By Newley Purnell 

NEW DELHI-- Facebook Inc.'s WhatsApp took a step to stop the spread of suspect viral content ahead of India's national elections, launching a tip line there that enables users to point out dubious information for debunking.

In a first-of-its-kind effort for the messaging app, WhatsApp said Tuesday that it has partnered with an Indian startup called Proto to create a system in which users can forward suspicious messages they have received to an automated account. The account, called Checkpoint, will respond with an indication of whether the information is true, false, misleading, disputed, or "out of scope," WhatsApp said in a statement.

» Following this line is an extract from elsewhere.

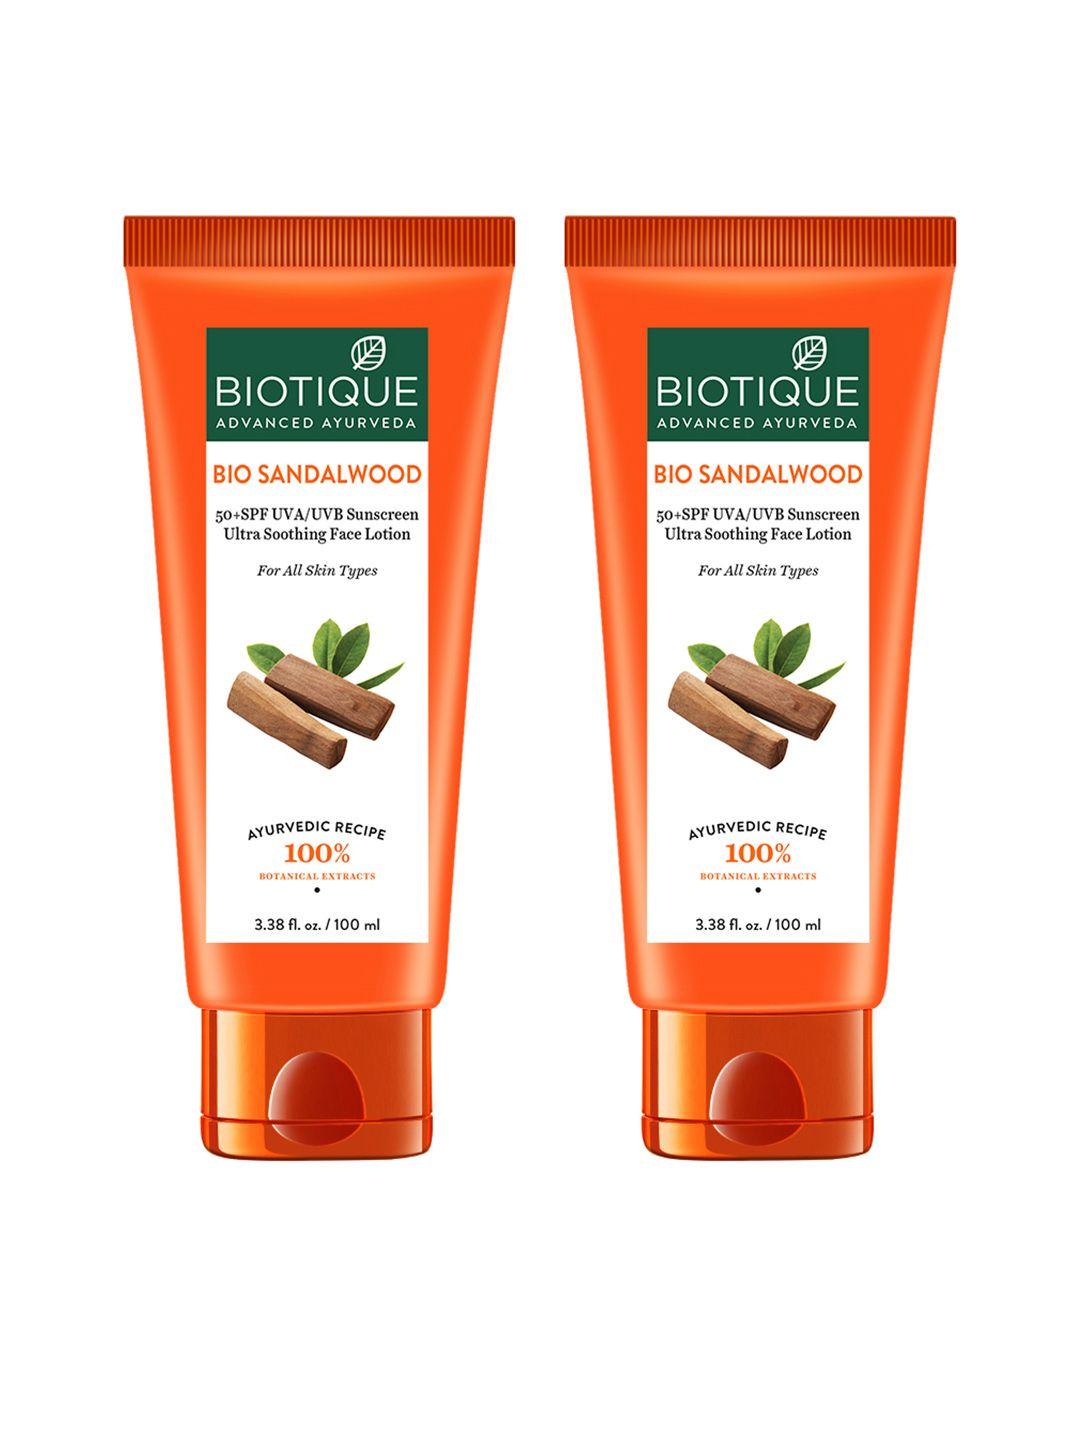 biotique set of 2 bio sandalwood sunscreen ultra soothing face lotion spf 50+ - 100ml each

"The goal of this project is to study the misinformation phenomenon at scale--natively in WhatsApp," Proto's founders, Ritvvij Parrikh and Nasr ul Hadi, said in a statement.

Elections are set to begin next week.

The system can handle text, images and videos, and covers English and the local languages of Hindi, Bengali, Malayalam and Telugu.

Several messages submitted by The Wall Street Journal were acknowledged as received by the system, but three hours later there had been no determination of their veracity.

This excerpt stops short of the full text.